Вообще-то его полное имя Густав Фридрих фон Хиппель, однако, будучи сторонником Эрнста Тельмана и явно симпатизируя идеям социализма, он, видимо, не хотел смущать нас, строителей коммунизма, своей аристократической фамильной приставкой «фон», и потому просил называть его просто по имени.
– Помилуйте, Густав, – ответил Николай Иванович, приподняв бровь, – мясо к ночи? Увольте.
– Маси Вавилу правильно говорит. Наши тоже не едят айча после заката солнца, – поддержал Карлуш, – трава (юра) берет силу солнца (инти) напрямую, корова же (вака) получает эту силу из травы, а горный лев (пума) – из коровы. Ночью темно, страшно, демоны (супаи) повсюду. Хочешь взять больше солнца в ночь, ешь траву! Так говорили старики.
– Вот-вот. Слушайте Карлуша, – подытожил Николай Иванович, потянувшись за очередным початком, – он плохого не посоветует.
Забавно, как быстро наш проводник освоился с советской терминологией. Обращение «товарищ» оказалось ему понятным и сразу пришлось по сердцу, тем более что именно так они и величают своих соплеменников, признавая тем самым и духовное родство членов общины, и сотрудничество – можно сказать коллеги. Все члены нашей экспедиции искренне полюбили этого простого кхари из бразильской сельвы. Его бесхитростность и незатейливая прямота подкупала, и руководитель экспедиции Маси Вавилу – по-нашему товарищ Вавилов, – легко смирившись с таким проявлением доморощенного первобытного интернационализма, с доброй улыбкой всегда отзывался на новое экстравагантное прозвище.
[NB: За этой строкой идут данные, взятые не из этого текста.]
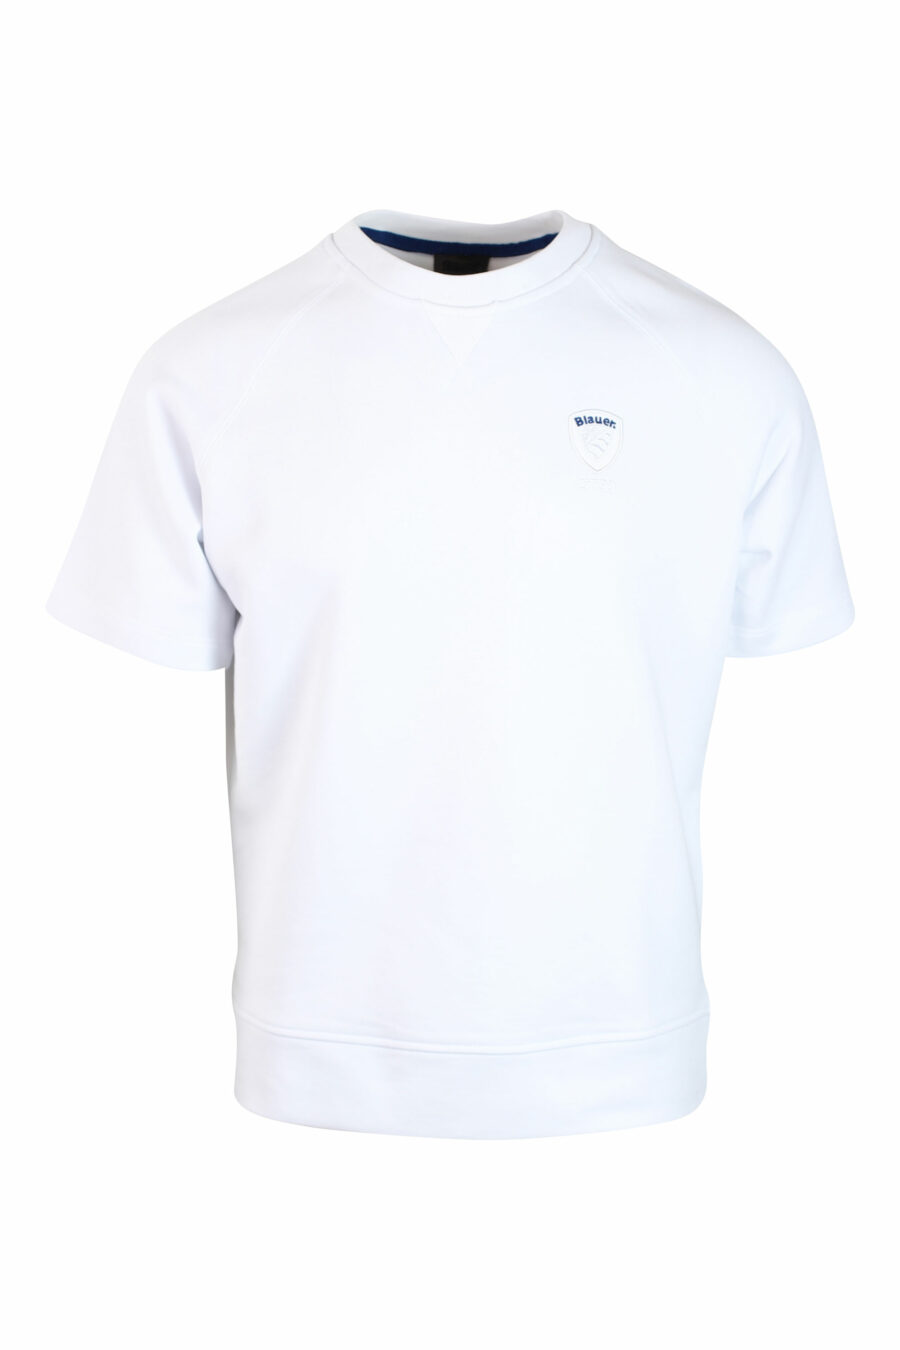 Weißes T-Shirt mit aufgesticktem monochromen Mini-Logo - IMG 0125

Это было вдвойне символично, поскольку, как я сам это не раз слышал, других белых людей, господ, так сказать, индейцы между собой часто зовут виракуча, признавая в них чужаков, а то и вовсе презренных врагов.
– Если хочешь мяса, завтра пойдем искать тарука, а сейчас ешь вареную сара, – мечтательно произнес Карлуш, и мне тут же живо припомнилась недавняя охота на некрупного, размером чуть больше овцы, местного оленя, которого мы успешно подстрелили на прошлой неделе.
Любопытно. Так вот почему мы не едим хищников! Какое неожиданно простое объяснение из уст малограмотного, но от природы мудрого индейца. А ведь действительно, если призадуматься, то люди во все времена и на всех континентах предпочитали охотиться на травоядных животных. Забавно, однако. Конечно, это можно объяснить и относительной безопасностью предприятия, и технической простотой, и многочисленностью травоядных животных, и нежностью их мяса… И все же, тут есть над чем поразмыслить, ведь речь здесь идет ни много ни мало о преобразовании энергии! Те же метаморфозы солнечной энергии можно наблюдать и в горении древесины. Когда поджигают дрова (ламт’а), солнечный свет (к’анчай) и тепло (хамка), накопленные растением, высвобождаются, чтобы человек мог ими пользоваться. Интересно, а как преобразуется солнечная энергия в угле как окаменевшей древесине, или, скажем, нефти?
* * *
В коридоре заскрежетал замок, и дверь в квартиру отворилась.
– Серенький, ты дома? – из прихожей зазвенел нежный Асин голосок.
– Ась, ты? – Паганель отложил дневник на журнальный столик и настороженно приподнялся в кресле.
– А ты ждешь кого-то другого? – девушка рассмеялась в ответ.